Pacman Jones has made it clear he wants to be a Cowboy. Dallas is doing its part to make sure that happens.

After their initial offer of a seventh-round draft pick to the Titans for their suspended cornerback was rejected, the Cowboys have upped their proposal to include a player along with the late-round selection, a source told SI.com.

The Titans are warming to the offer, according to the source, but a few financial ramifications need to be addressed before the deal can be consummated. Jones has two years remaining on his original five-year, $30 million deal, and the Cowboys want to redo that contract, likely to a one-year deal to protect their interests. Jones is on record stating his willingness to renegotiate the contract and his agent, Manny Arora, reportedly met with Cowboys' officials earlier in the week to address the situation.

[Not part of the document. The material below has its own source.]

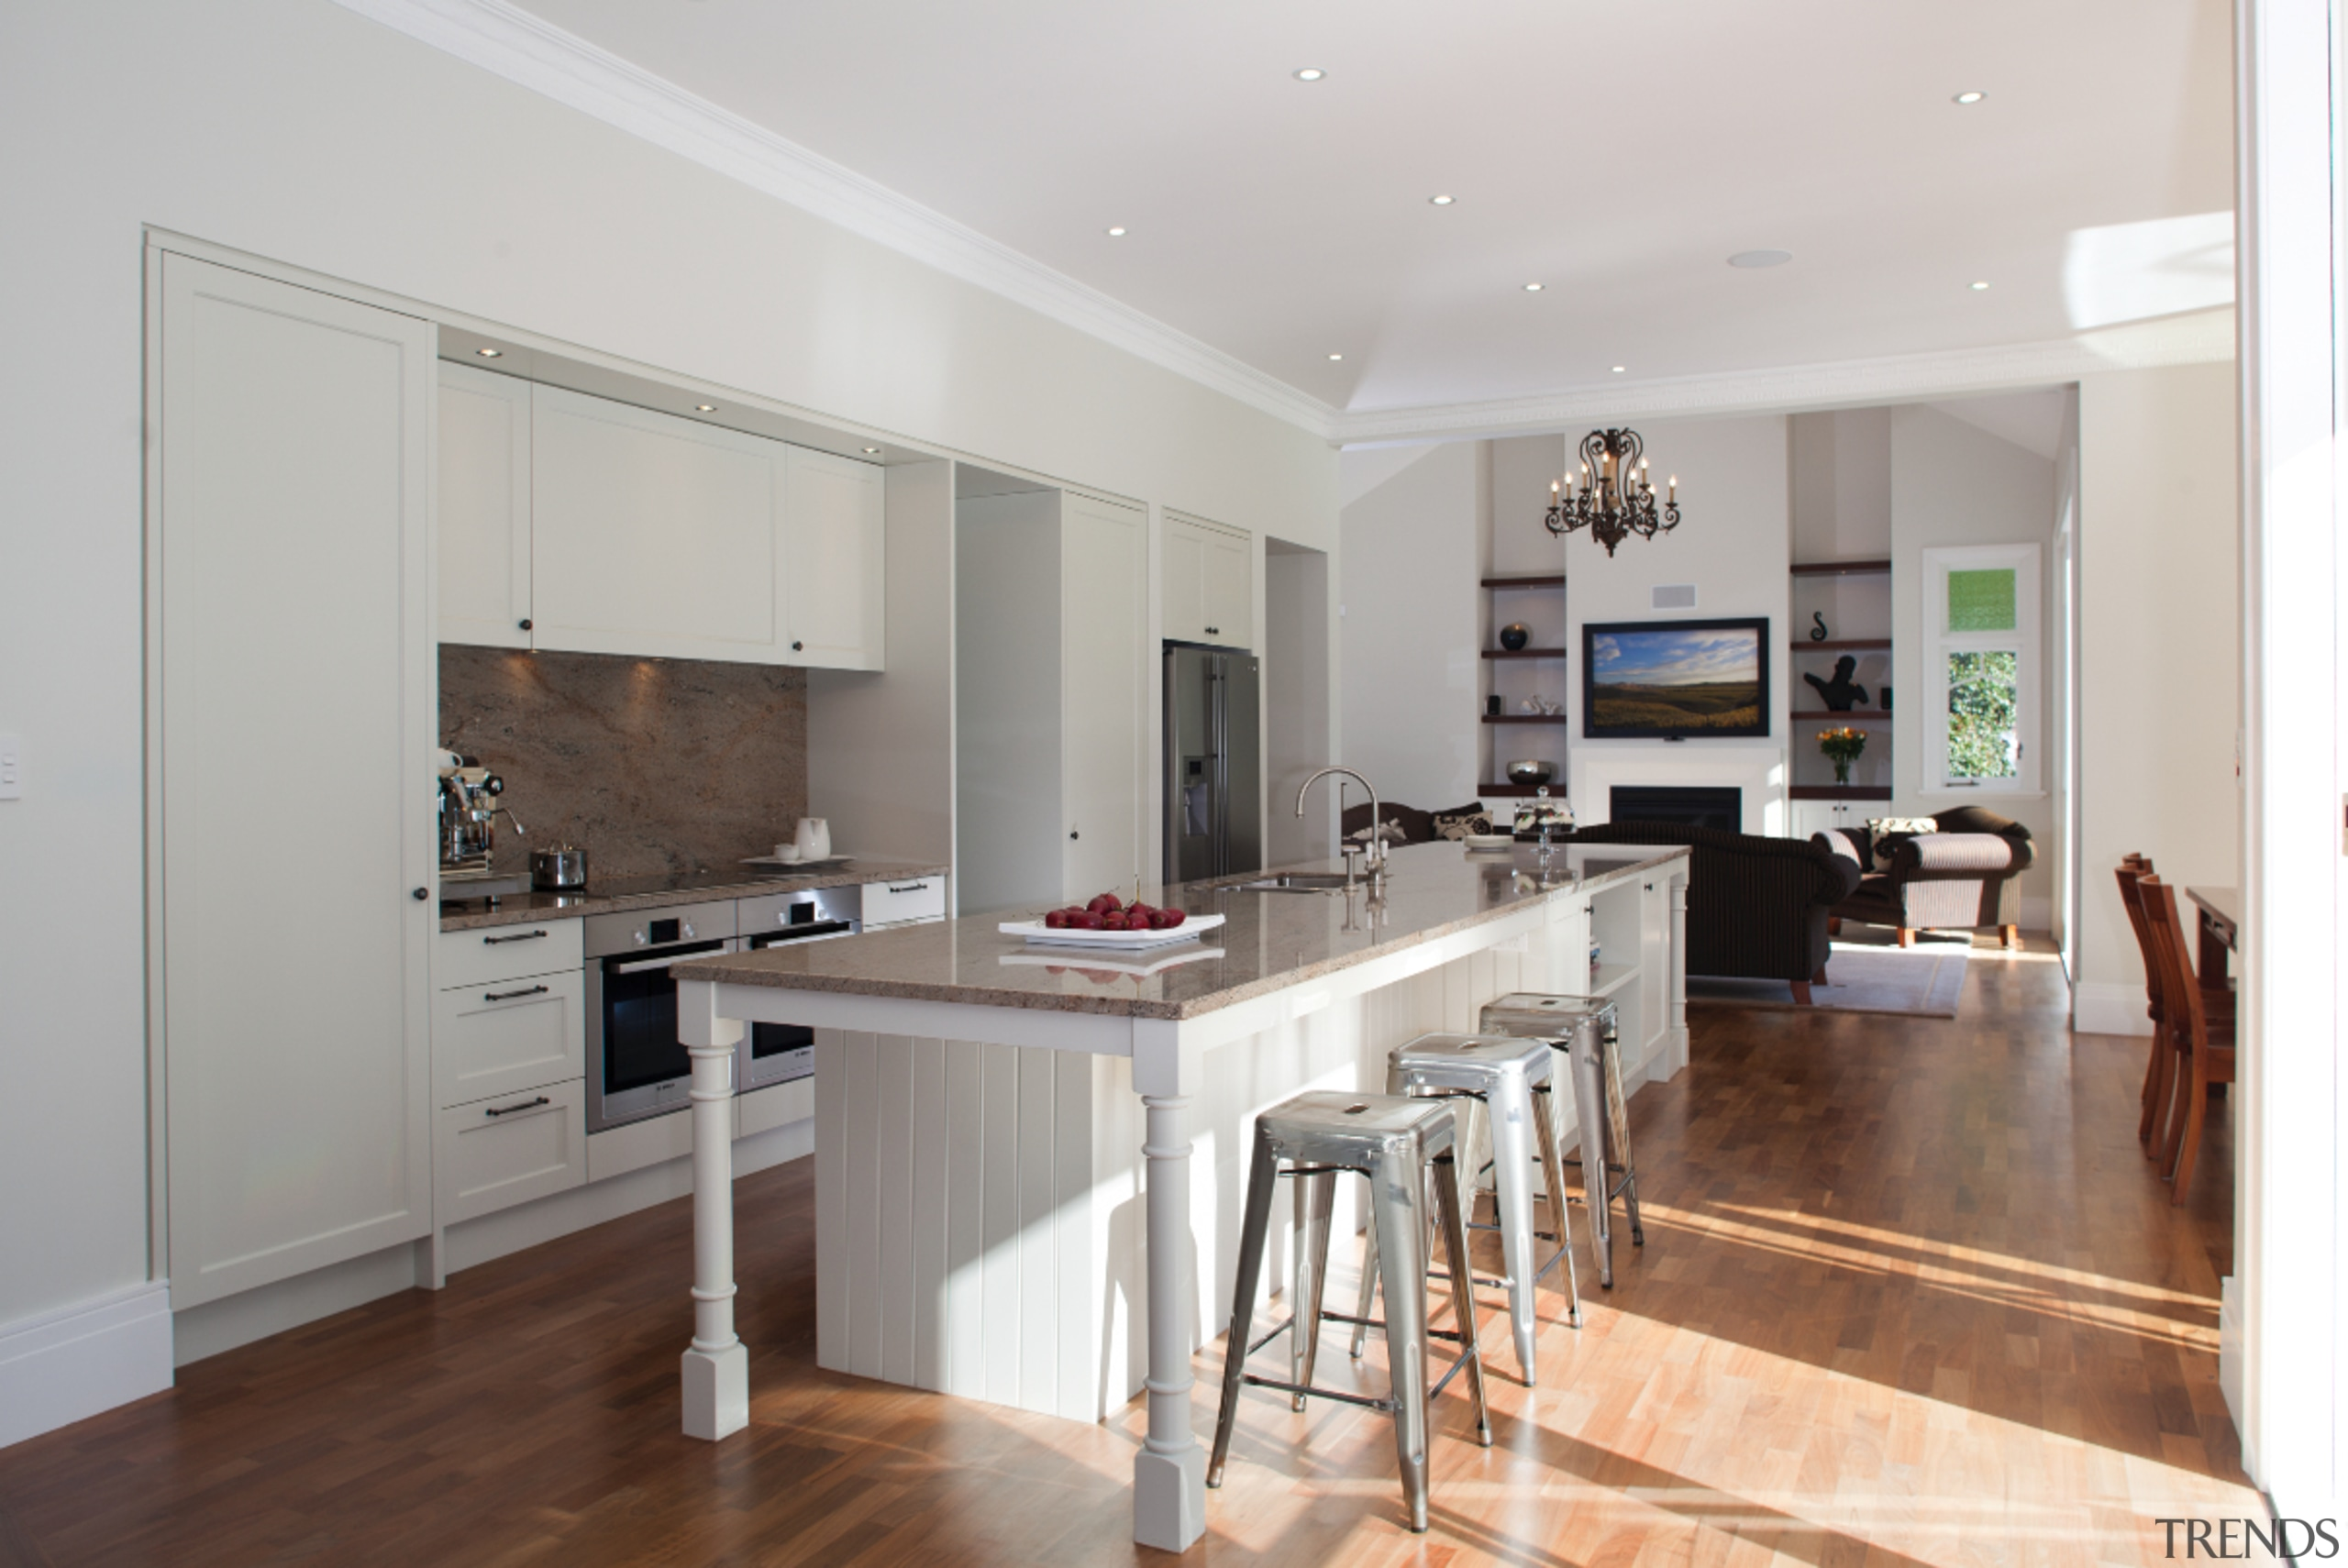 Epsom - countertop | cuisine classique | floor countertop, cuisine classique, floor, flooring, hardwood, interior design, kitchen, laminate flooring, property, real estate, room, wood flooring, gray

Jones is currently suspended by the NFL and awaiting reinstatement from commissioner Roger Goodell. Though Jones' off-field woes detract from his talent - he's been arrested six times since May 2005 -- the Titans realize Jones is a Pro Bowl-caliber player and are attempting to recoup some value in exchange for the troubled star. Jones was the Titans' best defensive player when he last suited up for them in 2006, and his electrifying return skills make him an impact player in two phases of the game.

"The kid was the sixth pick in the draft and we need to get something of value in return," an unnamed Titans official said.